→ **Stored data**:
[Start of Attachment]
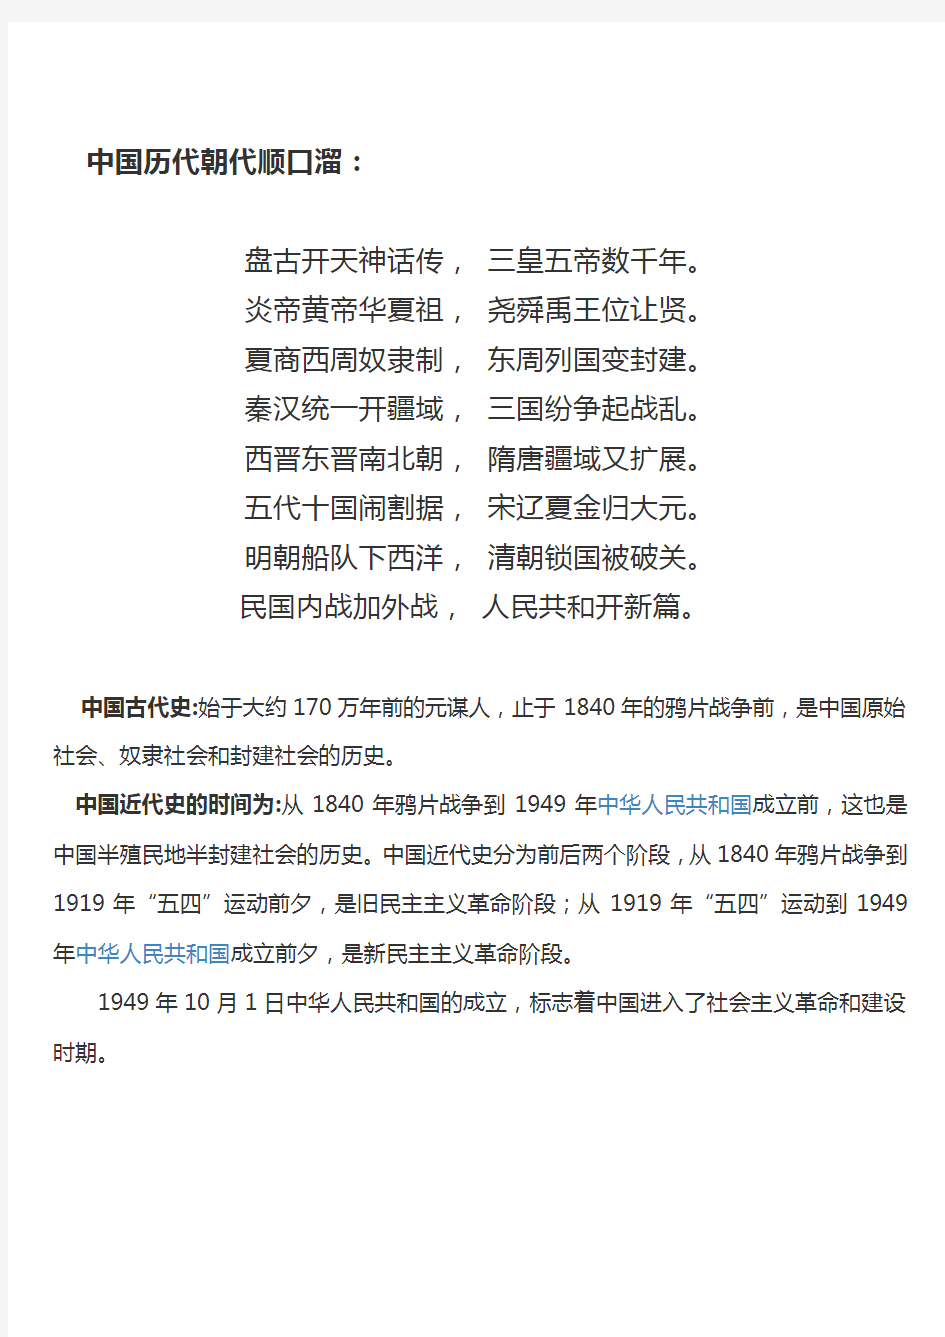 (完整版)中国历史朝代年表
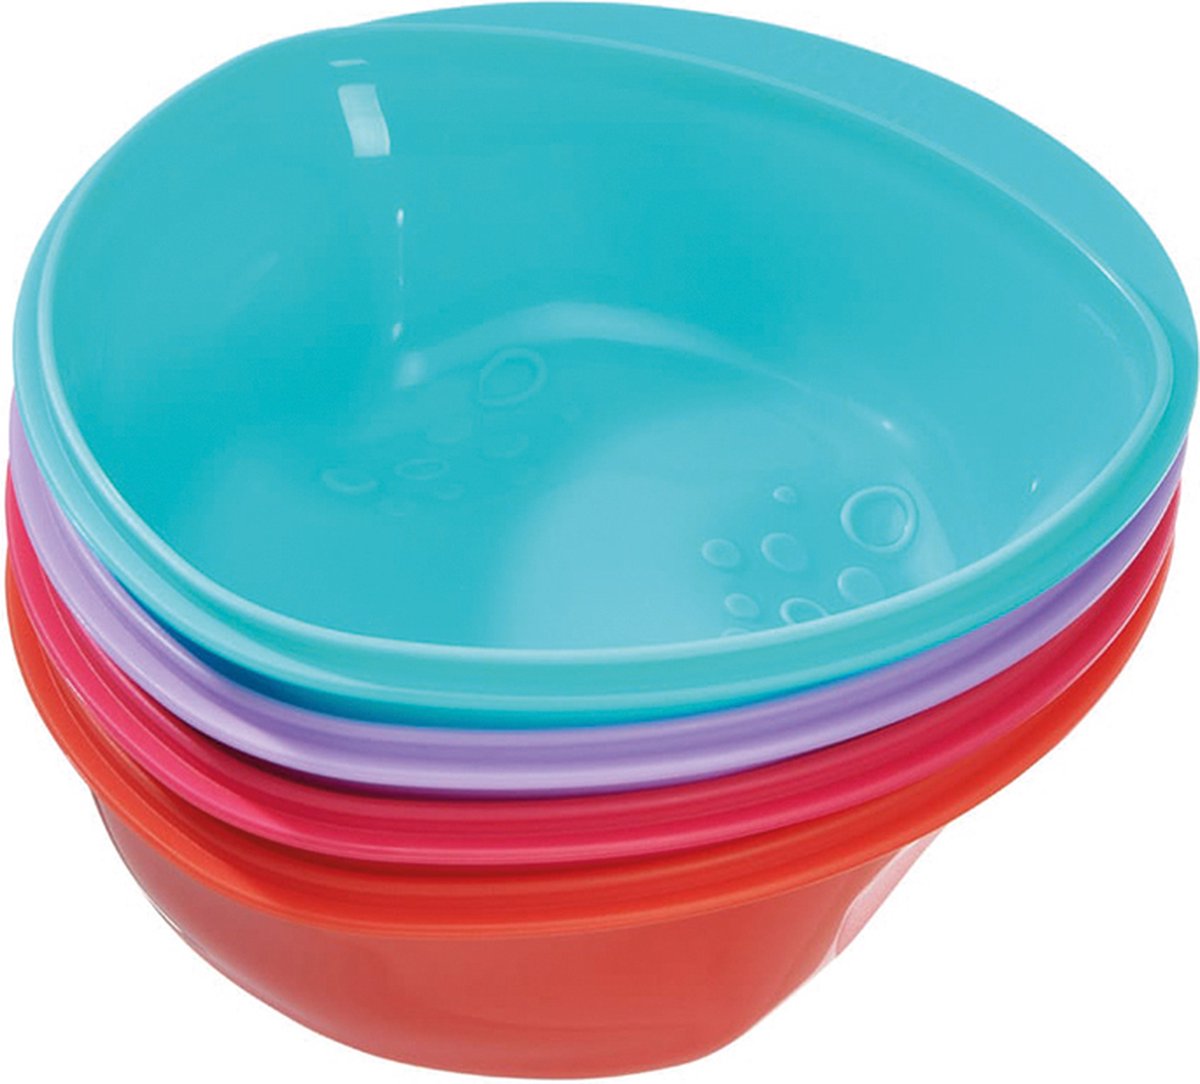 Vital baby - eetkommetje - eetbakje - babykom - met handvat - kunststof - kleurrijk - BPA vrij - set van 4 stuks
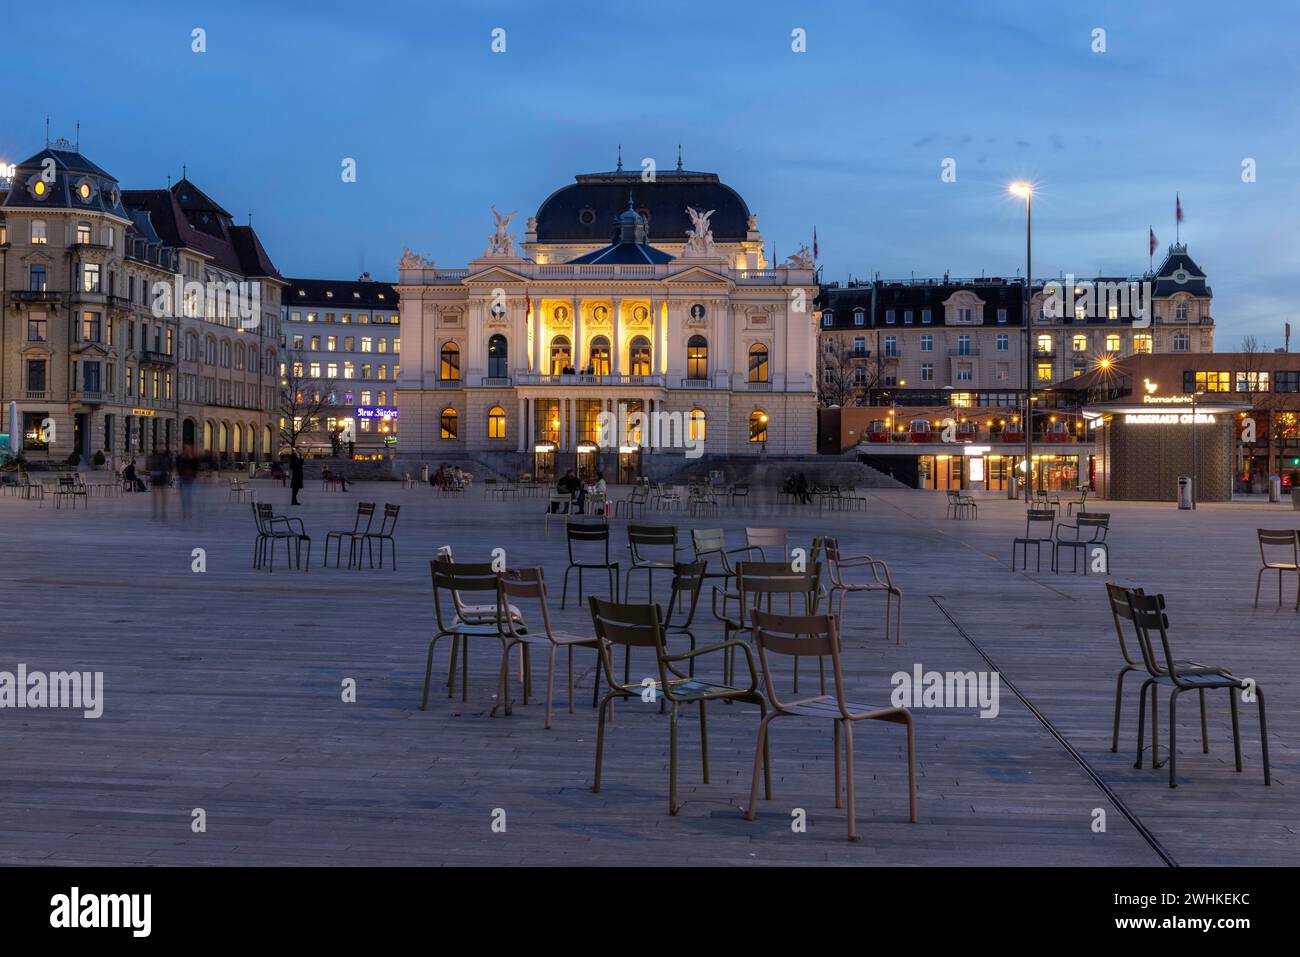 Evening atmosphere at Sechselaeutenplatz, Opera House, City of Zurich, Canton of Zurich, Switzerland Stock Photo
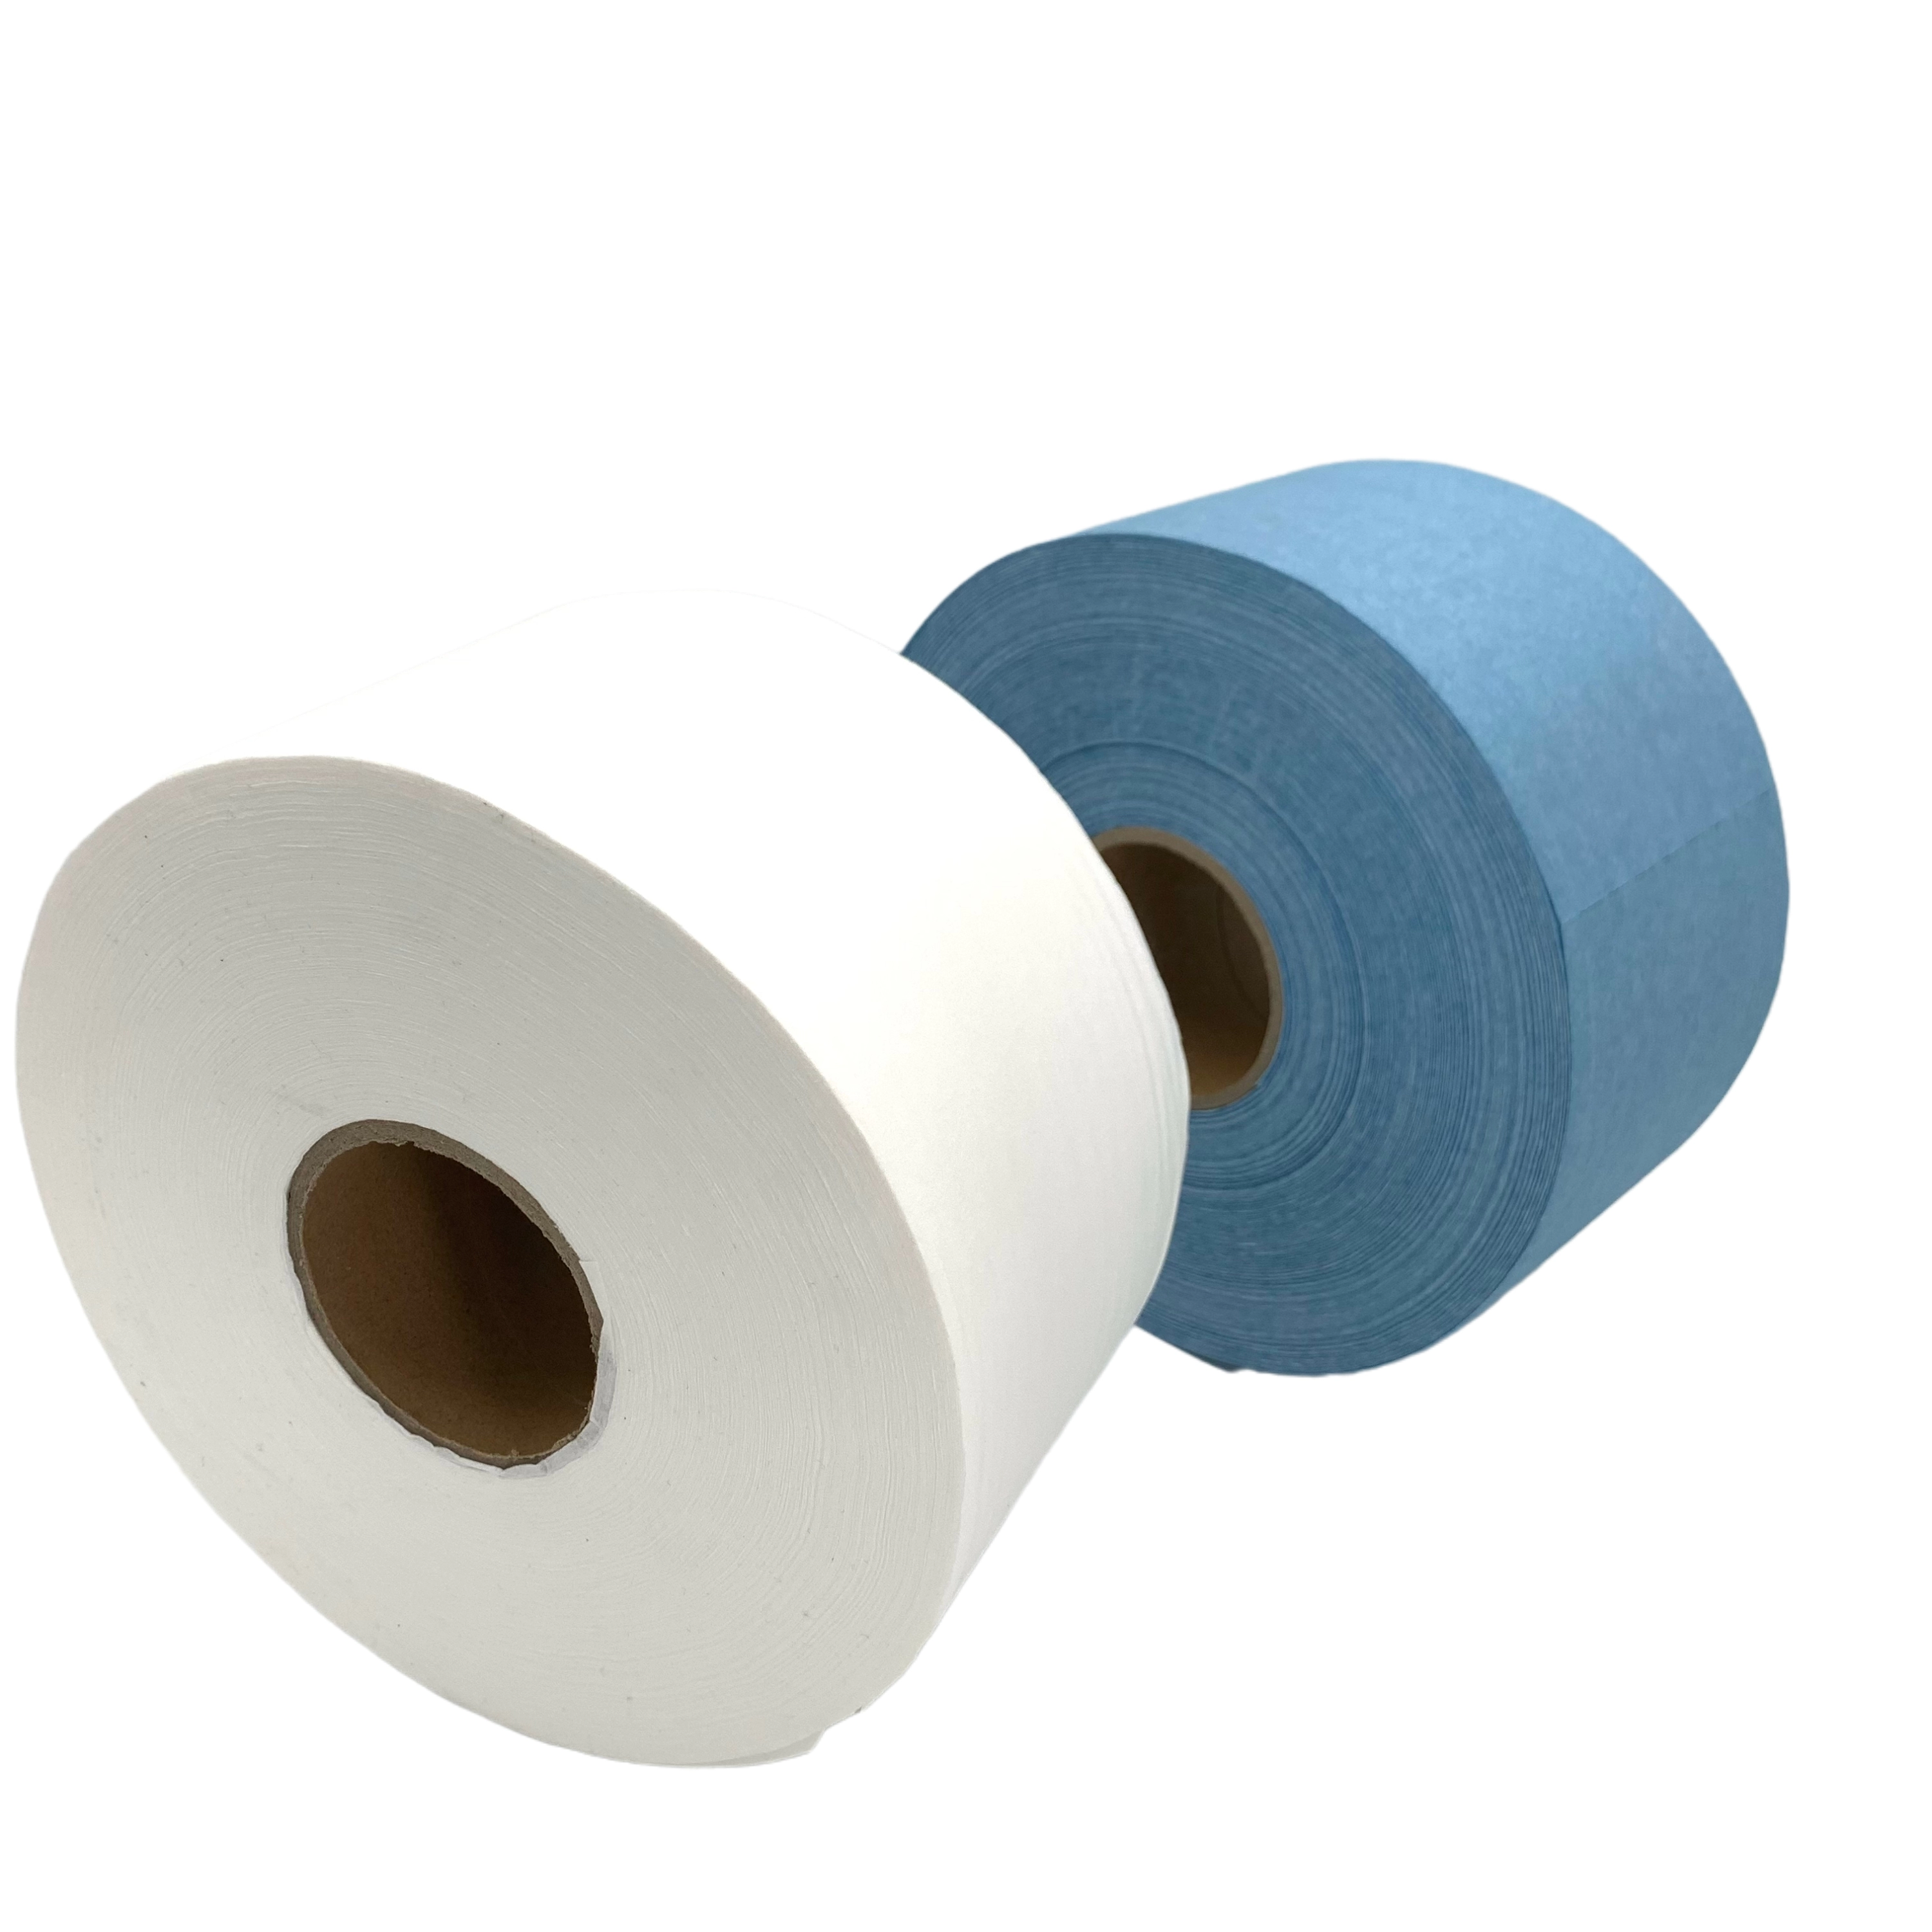 JD-6550 Big Roll Clean Room Rolka do wycieraczek Przemysłowa rolka do papieru Producent Sprzedaż bezpośrednia na wiele sposobów użytkowania
[End of Attachment]
→ **Instructions to follow**: Set down, word for word, the full listing above, and carry over no pictures.

→ **Finished task**:
 (完整版)中国历史朝代年表
 Vital baby - eetkommetje - eetbakje - babykom - met handvat - kunststof - kleurrijk - BPA vrij - set van 4 stuks
 Evening atmosphere at Sechselaeutenplatz, Opera House, City of Zurich, Canton of Zurich, Switzerland Stock Photo
 JD-6550 Big Roll Clean Room Rolka do wycieraczek Przemysłowa rolka do papieru Producent Sprzedaż bezpośrednia na wiele sposobów użytkowania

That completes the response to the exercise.